What to work on |
Among the lines below, the one containing "West Yorkshire Bus Adventures!" opens the range and the one containing "0af56dc410 Balenciaga Mini" closes it. Print that range exactly, without the pictures.

** Records for processing follows **

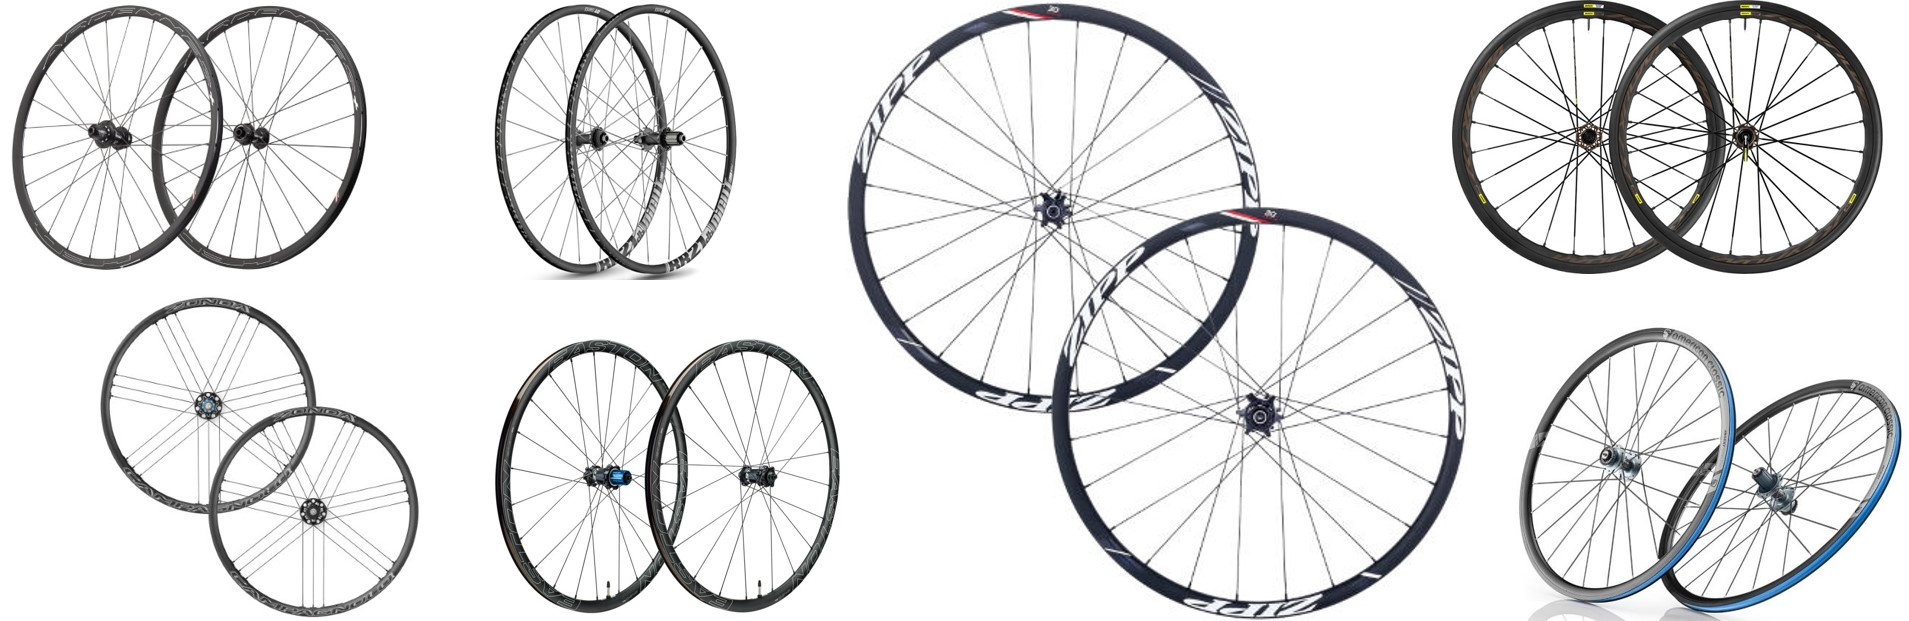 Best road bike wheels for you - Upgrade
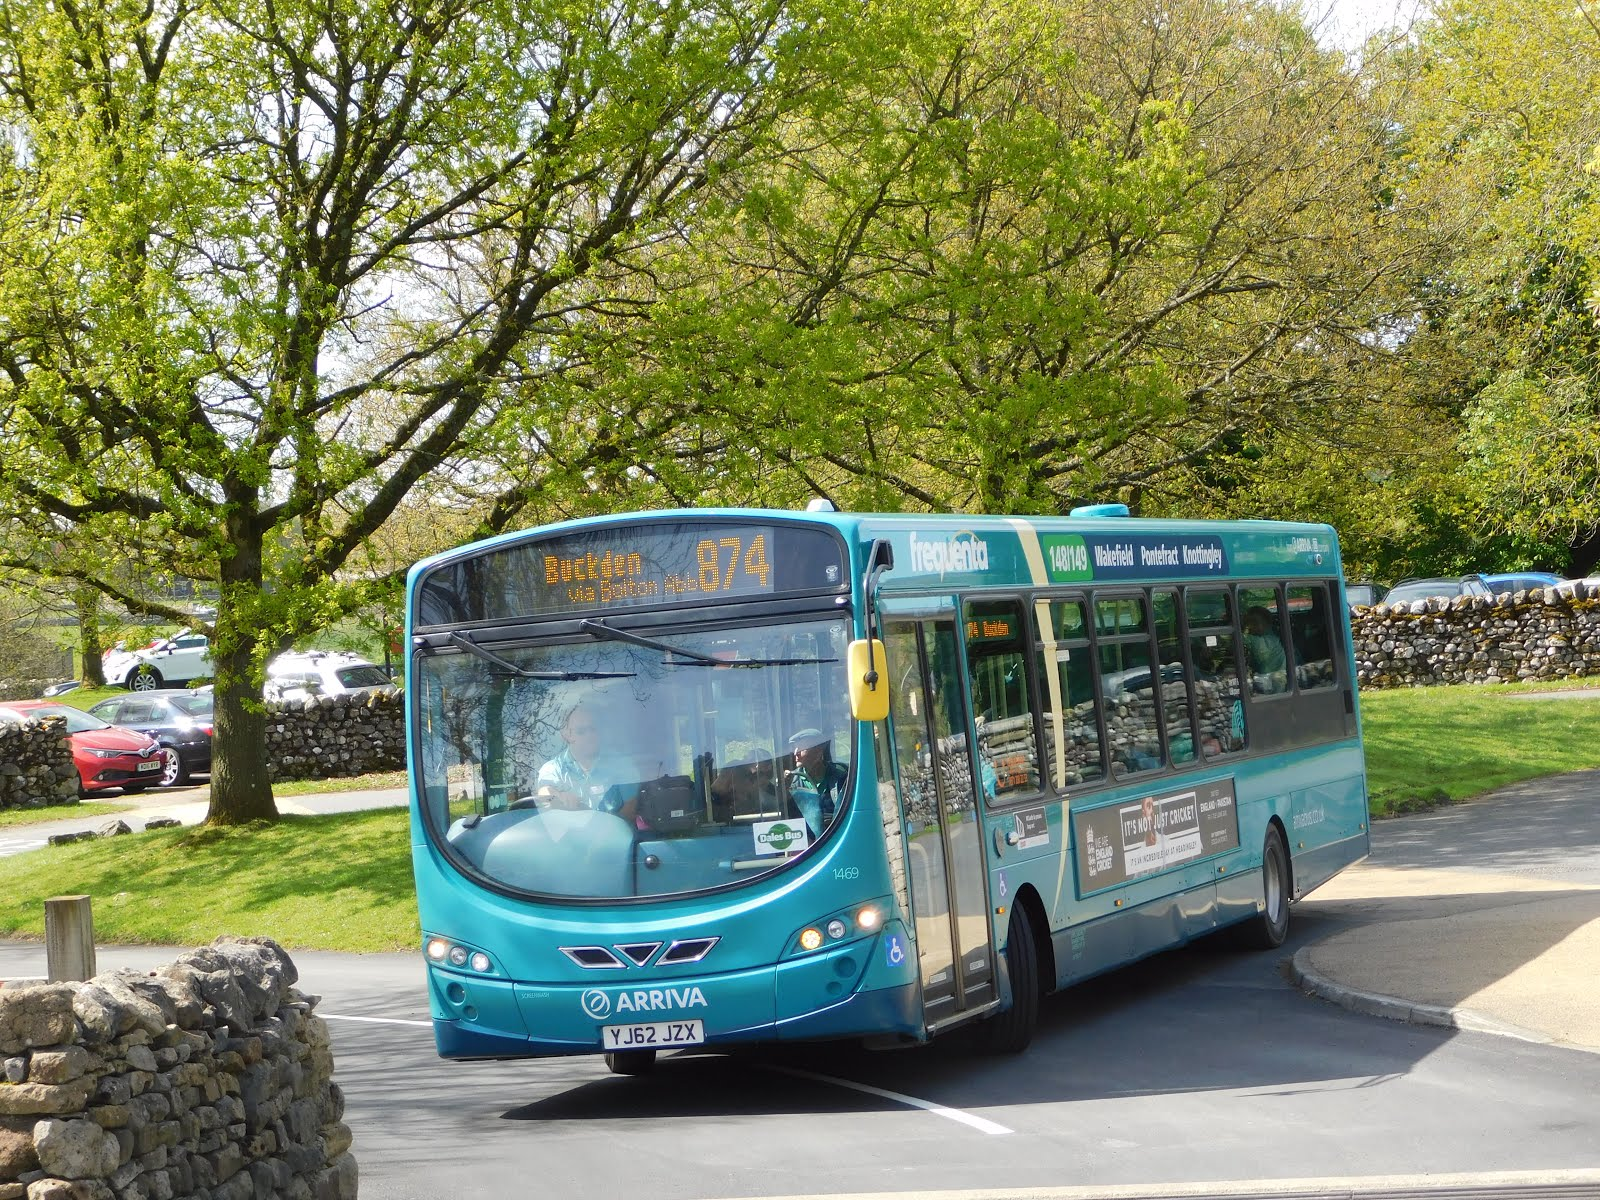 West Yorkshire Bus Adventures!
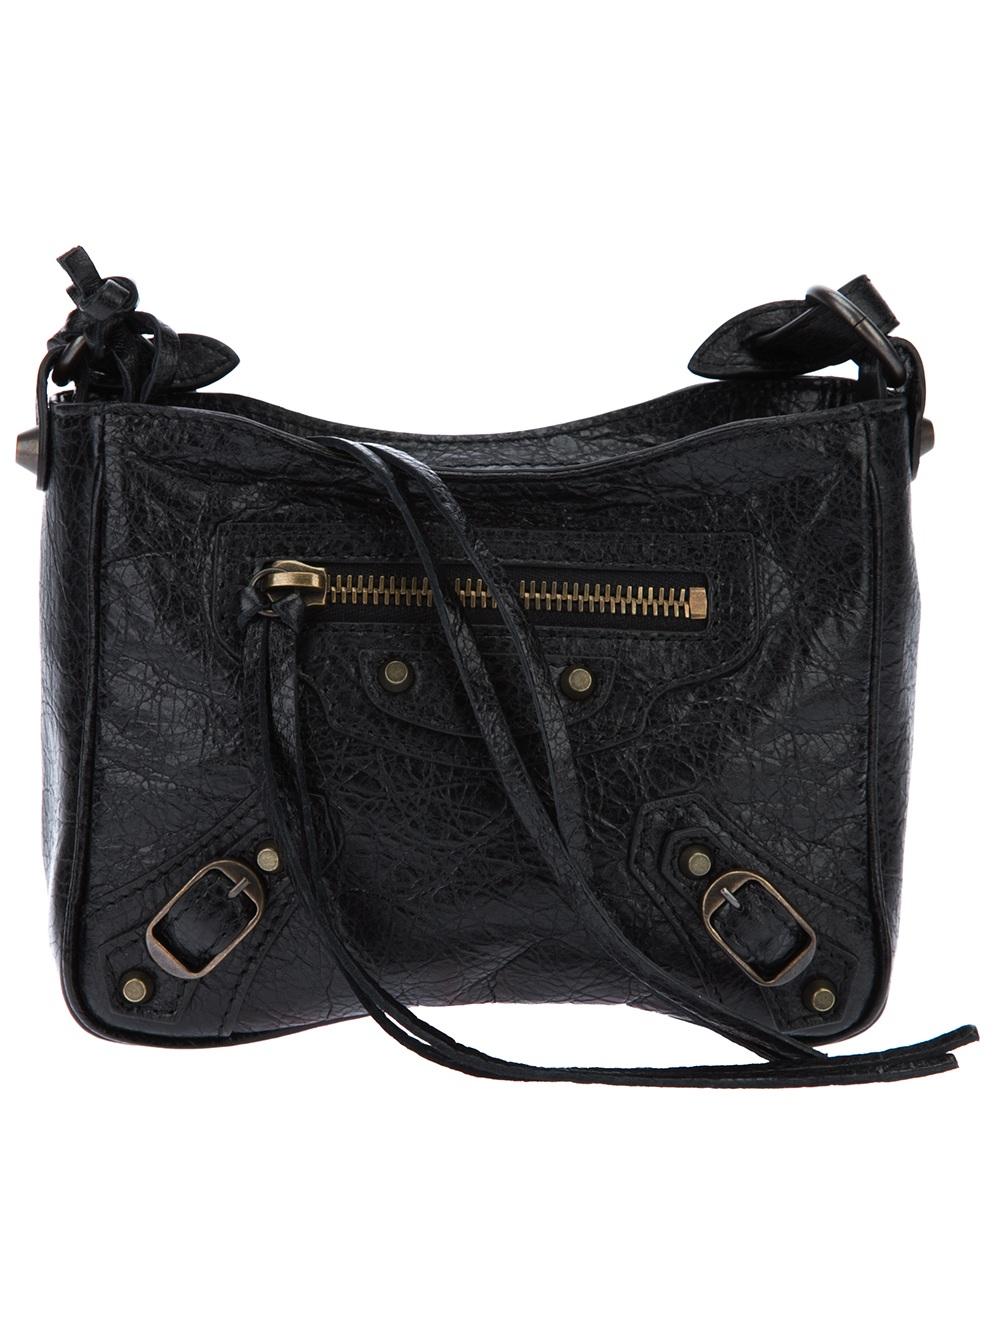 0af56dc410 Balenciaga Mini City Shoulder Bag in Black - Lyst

** End of Records for processing **
** Records for processing follows **

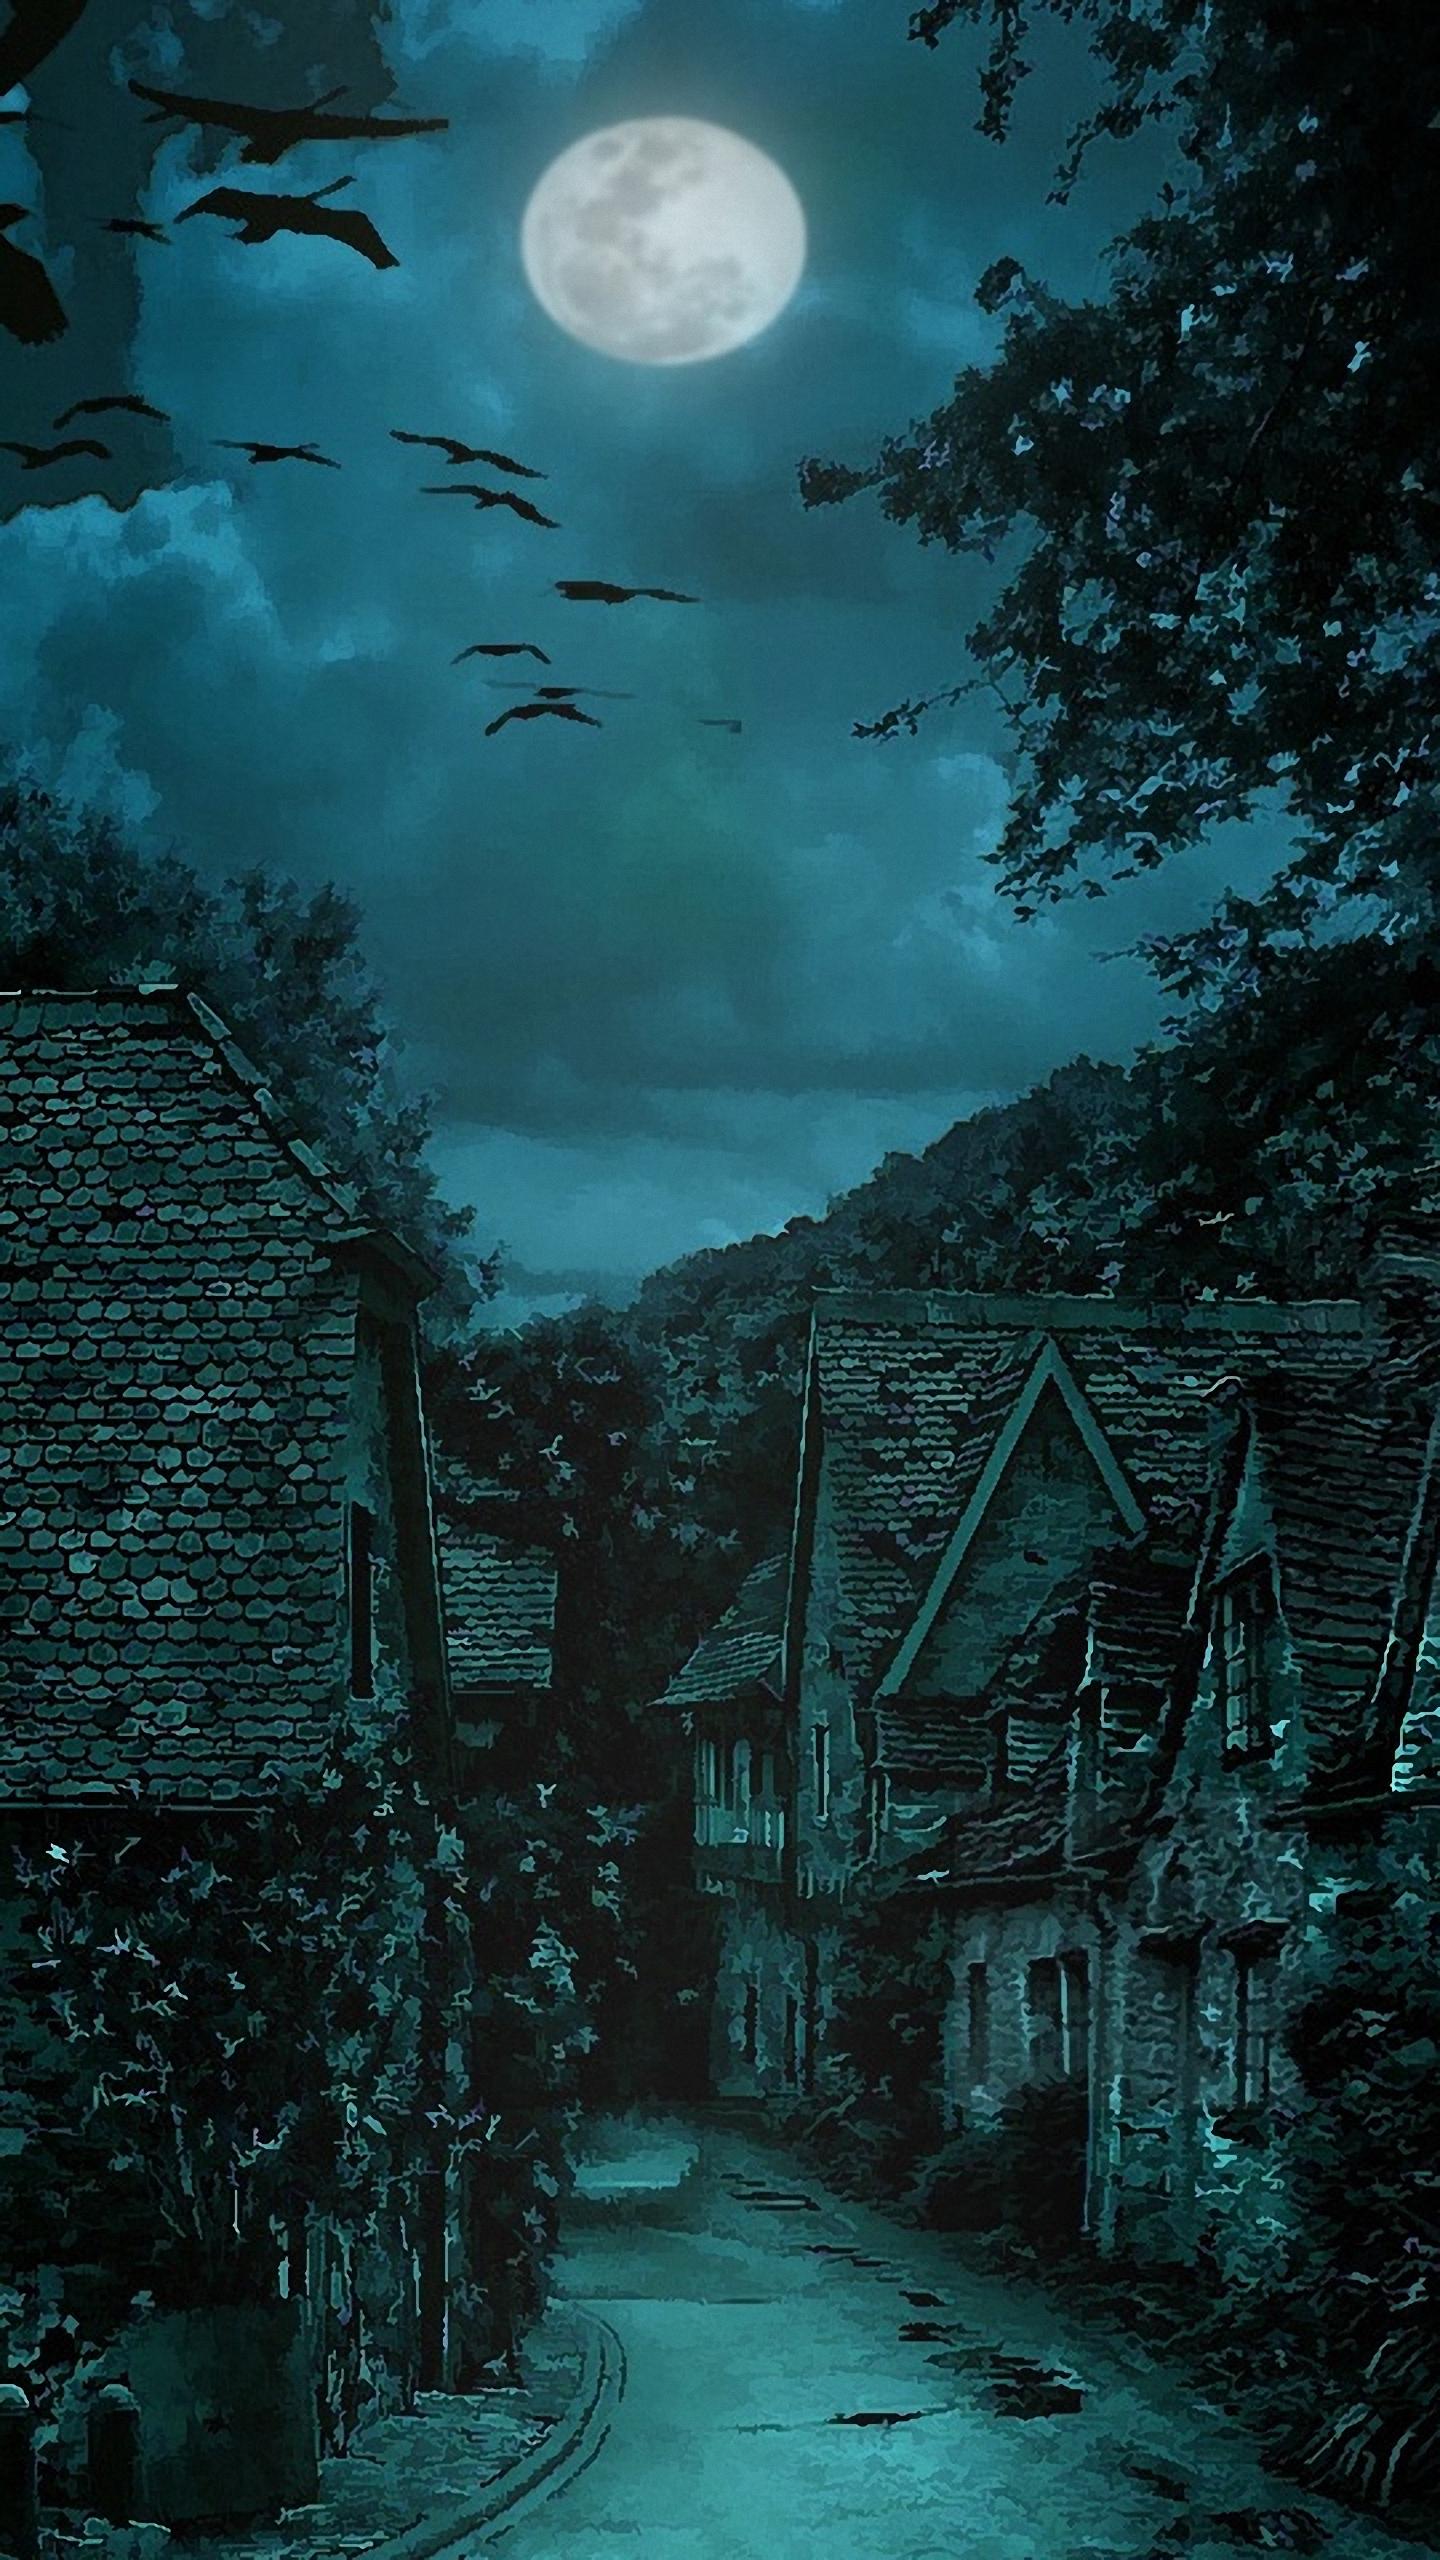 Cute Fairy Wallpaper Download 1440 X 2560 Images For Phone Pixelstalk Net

** End of Records for processing **

Exercise result |
 West Yorkshire Bus Adventures!
 0af56dc410 Balenciaga Mini City Shoulder Bag in Black - Lyst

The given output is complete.